Enhancement in Broadside Array Focusing: UCA to UCCA Shift

Tsinghua University Press

Benefits of emerging near-field communications:

The progression of 5G mobile communication commercialization has spurred anticipation for 6G communication. To support emerging applications like digital twins, holographic video, and augmented reality (AR), extremely large-scale antenna array (ELAA) is regarded as key candidates for future 6G mobile communication due to its potential to enhance spectrum efficiency.

"Compared with 5G massive multiple-input multiple-output (MIMO) systems, 6G ELAA not only entails an increase in the number of antennas, but also signifies a fundamental shift in electromagnetic field from far-field planar waves to near-field spherical waves." Said by Prof. Linglong Dai, a Full Professor in the Department of Electronic Engineering of Tsinghua University, "The spherical-wave-based near-field communications brought new possibilities for performance enhancement of wireless communications."

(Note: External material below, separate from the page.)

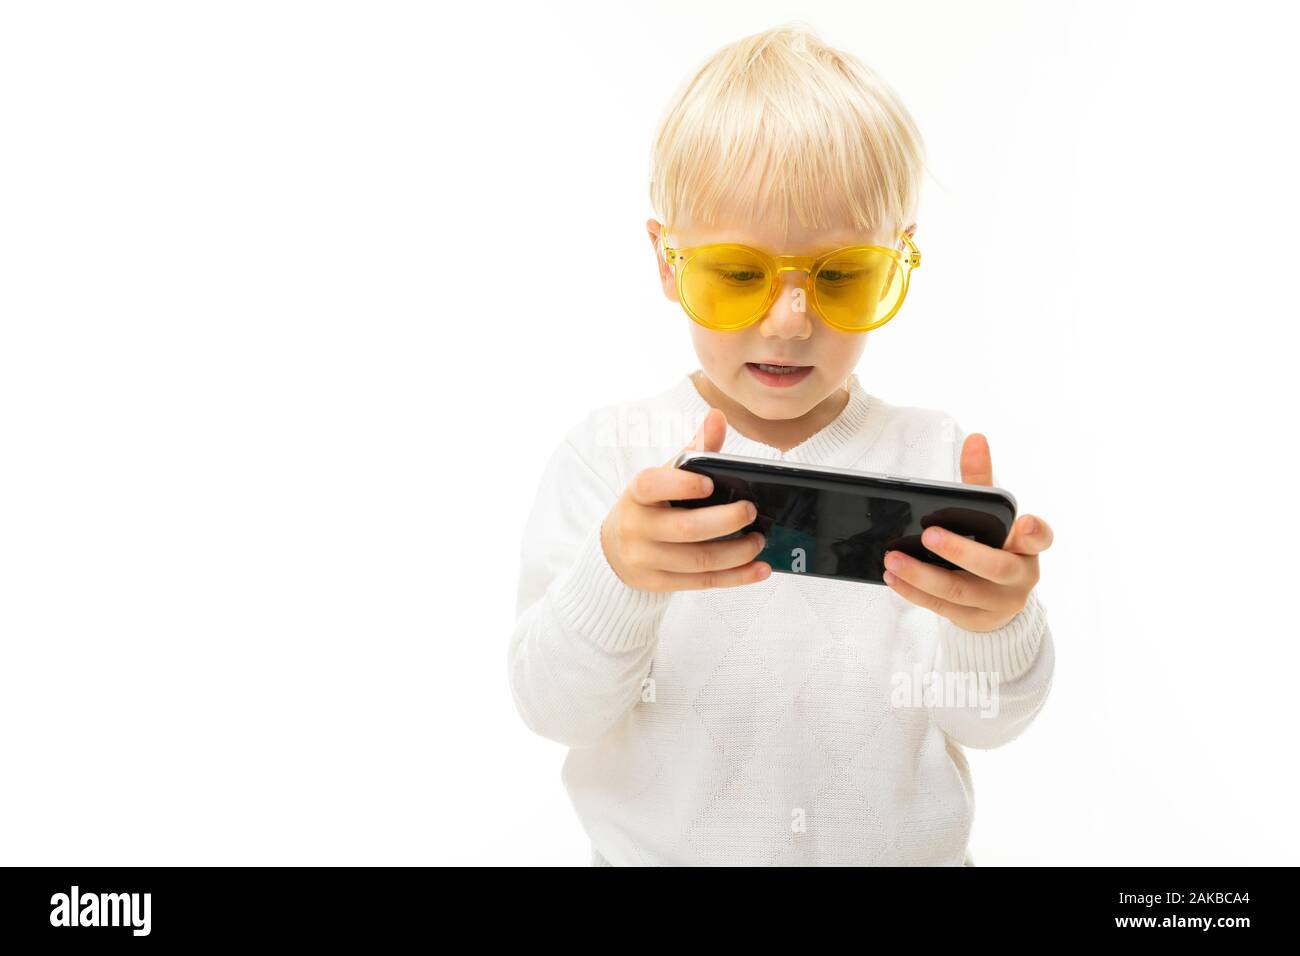 Caucasian blond child plays a game on the phone in a horizontal position on a white background Stock Photo

In contrast to far-field massive MIMO systems primarily relying on the orthogonality of far-field beams in the angular domain, the spherical wave propagation characteristics enable near-field beams to possess the additional radial focusing ability. In such a way, multiple users could be simultaneously served by different near-field beams, which is promising to further enhance the spectrum efficiency in multi-user communications.

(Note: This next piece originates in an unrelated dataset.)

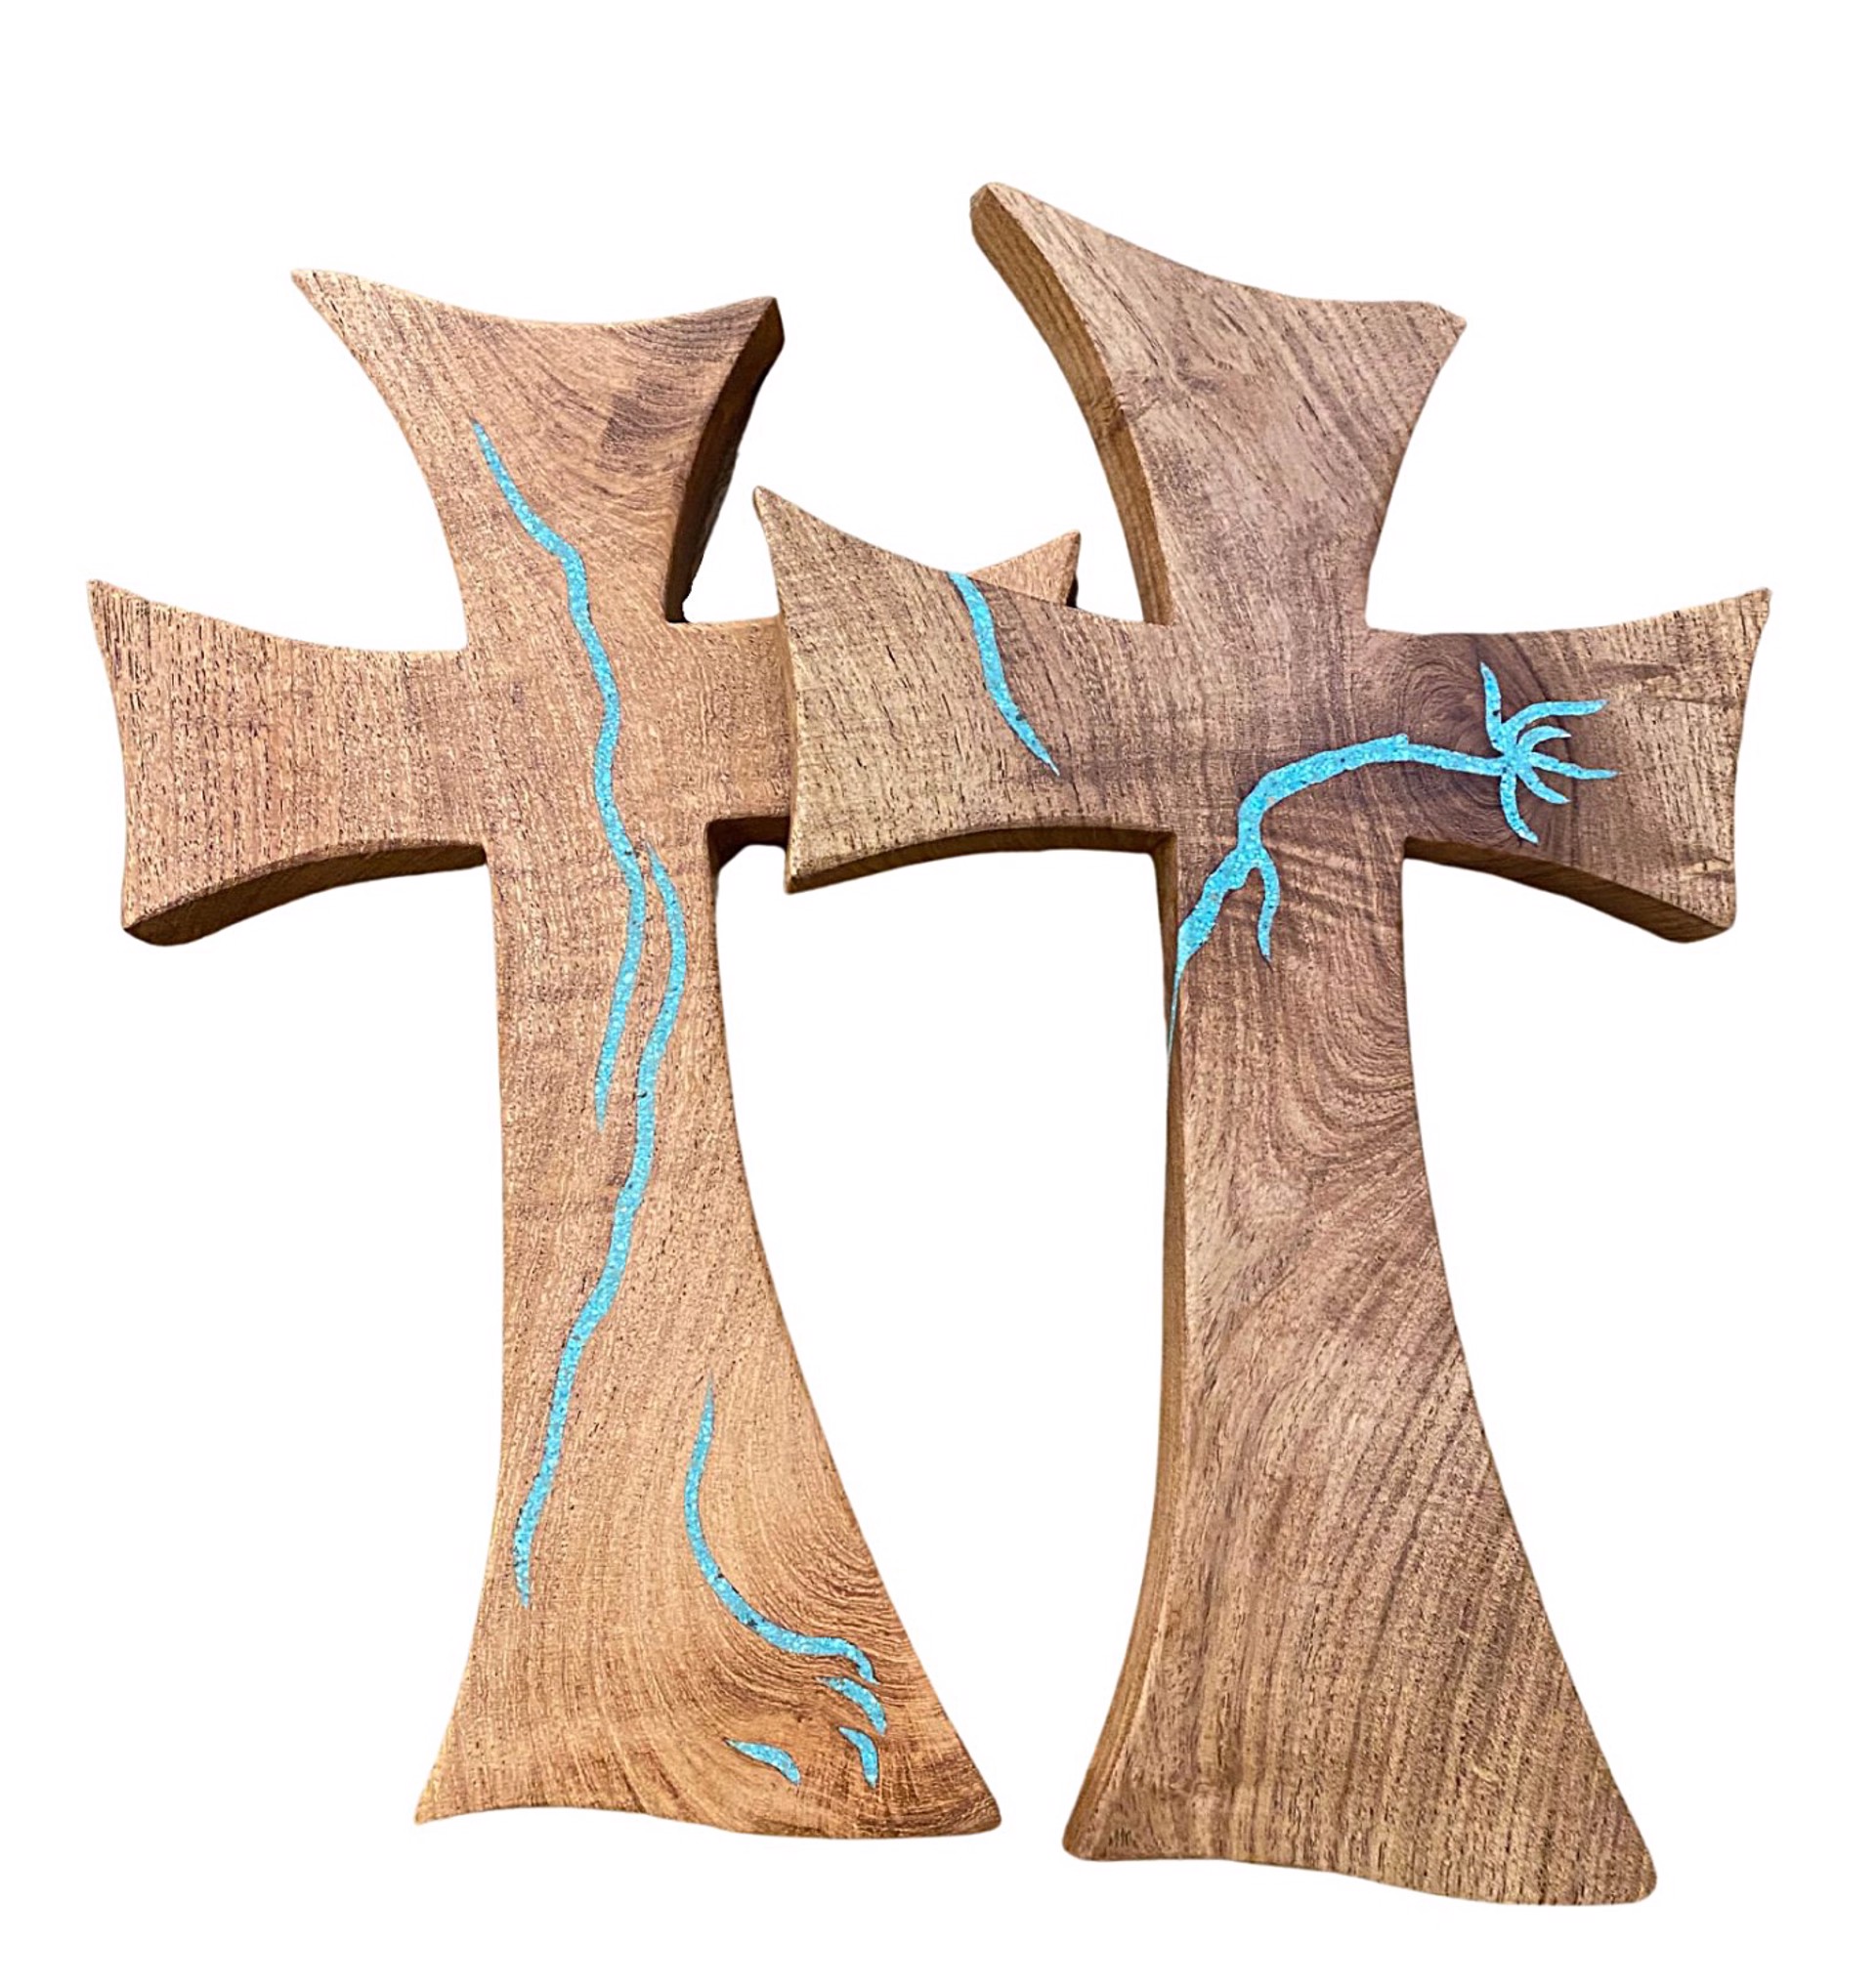 Mesquite Cross with Inlay by TreeStump Woodcraft

Degradation of radial focusing ability with UCA:

To enable more users to benefit from near-field communications, it is desired to expand the near-field range through array topology design. However, existing research on classical circular arrays claimed that, while significantly expanding the near-field range in the azimuthal dimension, circular array faces reduced near-field range in the broadside direction, rendering users unable to fully exploit near-field communication gains.

Methods:

To overcome this challenge, a novel method was proposed in a recent article [1] of Prof. Dai's research team, where the classical UCA topology was generalized into UCCA to enhance the radial focusing ability of arrays. "As the elevation angle increases, the phase differences of electromagnetic waves between different antennas are decreasing in spherical-wave model, resulting the declining radial focusing ability", noted by Zidong Wu, one team member of Prof. Dai's lab. To address this, the article proposes to generalize UCA into UCCA, transforming single-ring array configurations into multi-ring array configurations to further increase the phase difference of electromagnetic waves, thereby enhancing the resolution near-field beams of ELAA.

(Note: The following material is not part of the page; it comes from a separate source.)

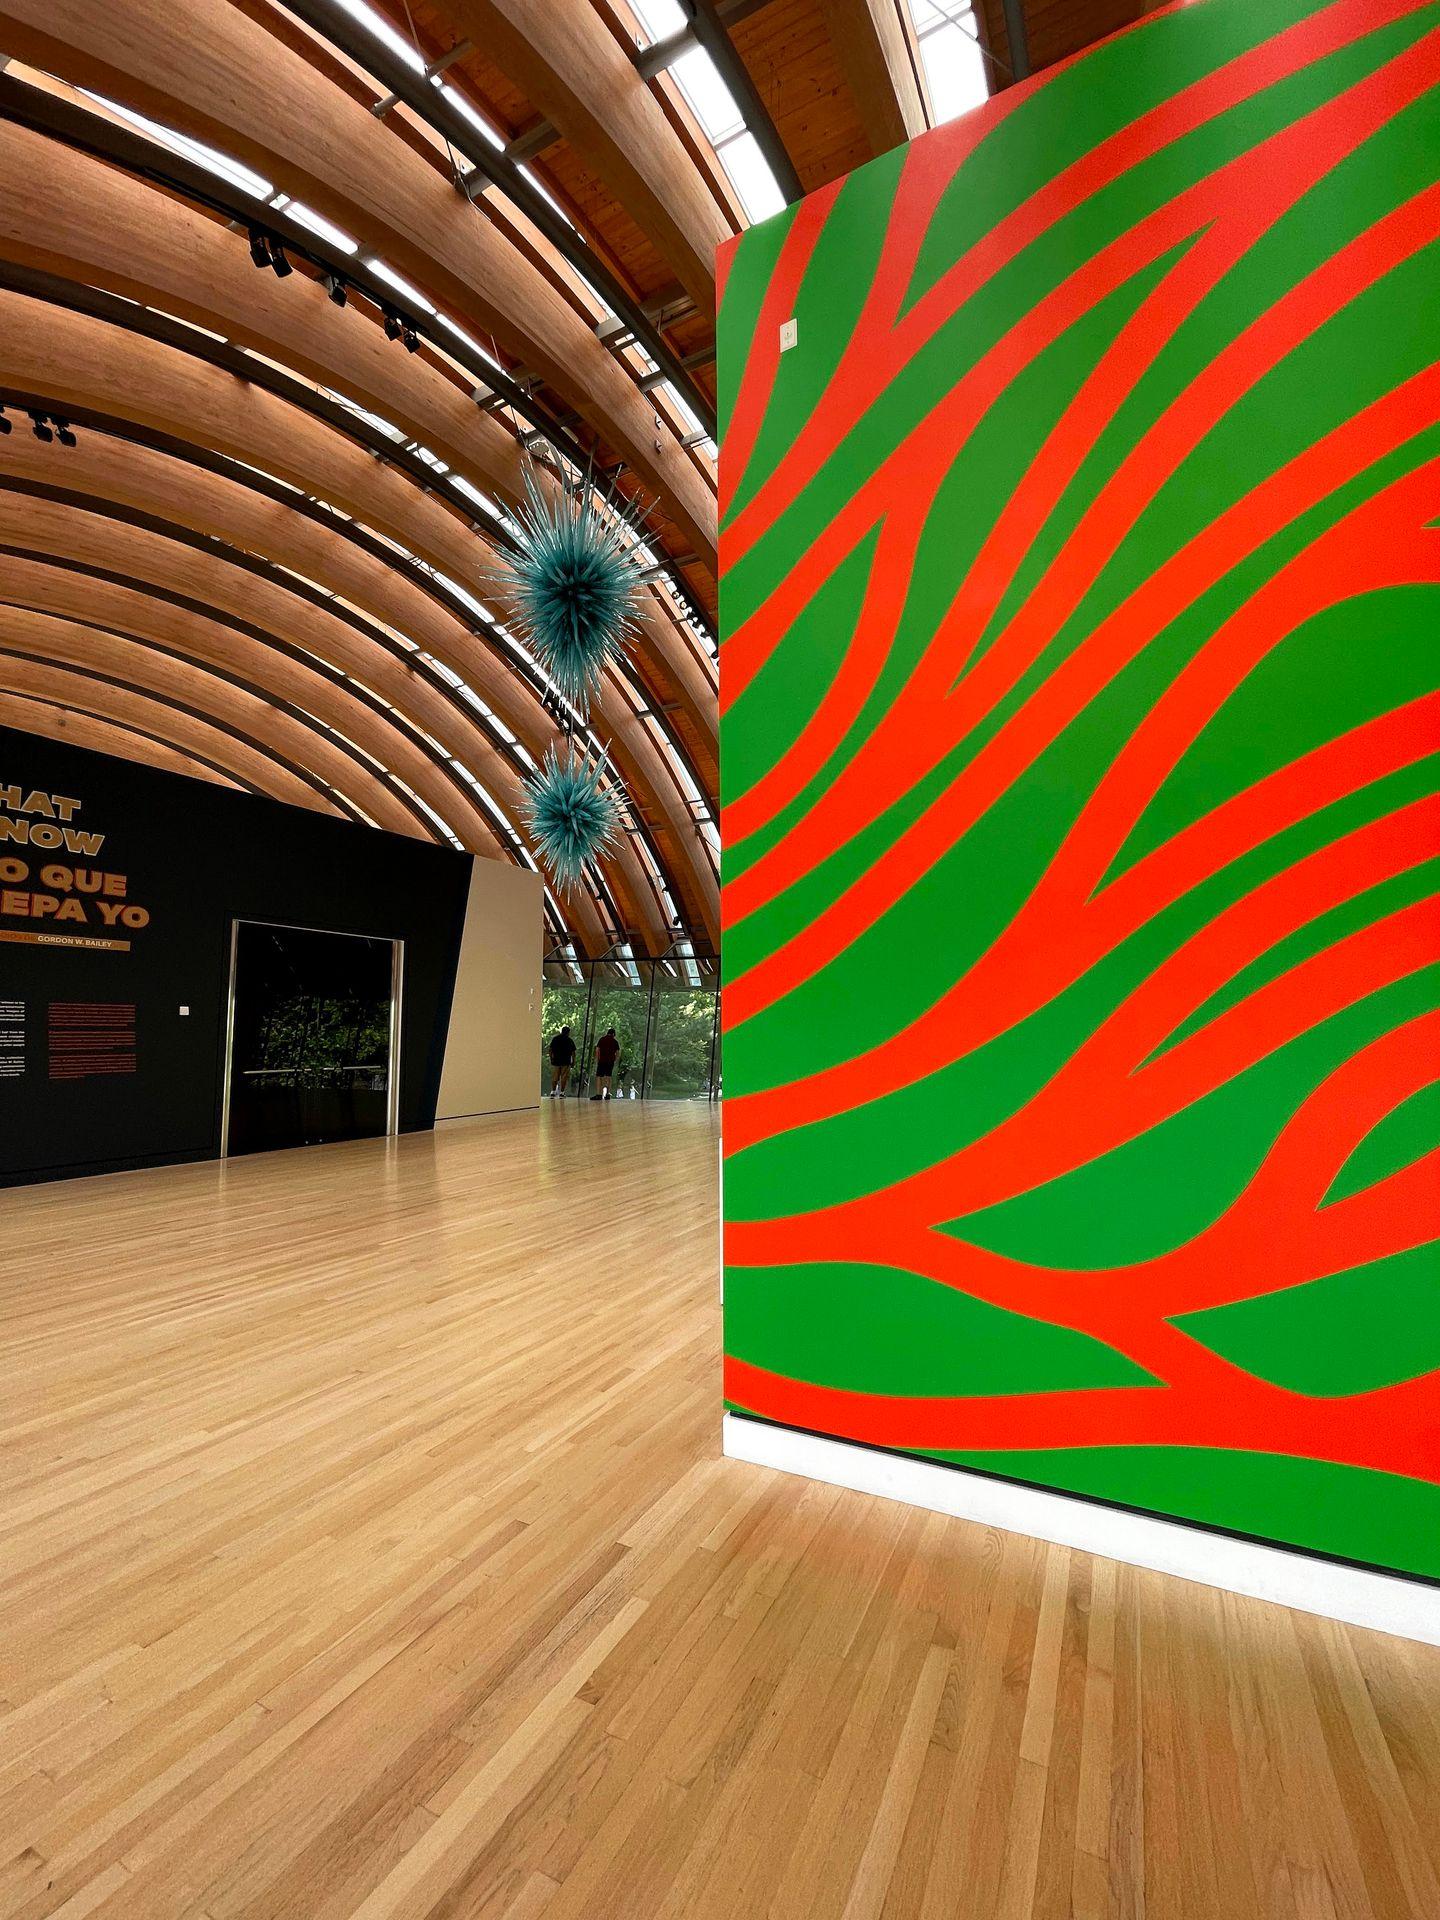 A wall with a vibrant display of red and green. The ceiling is a dome.

Through numerical simulations, it is demonstrated that UCCA-based ELAA could not only improve the spatial utilization efficiency while also significantly enhancing radial beam focusing capability. With the improvement of radial focusing capability, UCCA can significantly expand the near-field range in the broadside direction, providing new possibilities for enhancing the performance of multi-user near-field communication systems.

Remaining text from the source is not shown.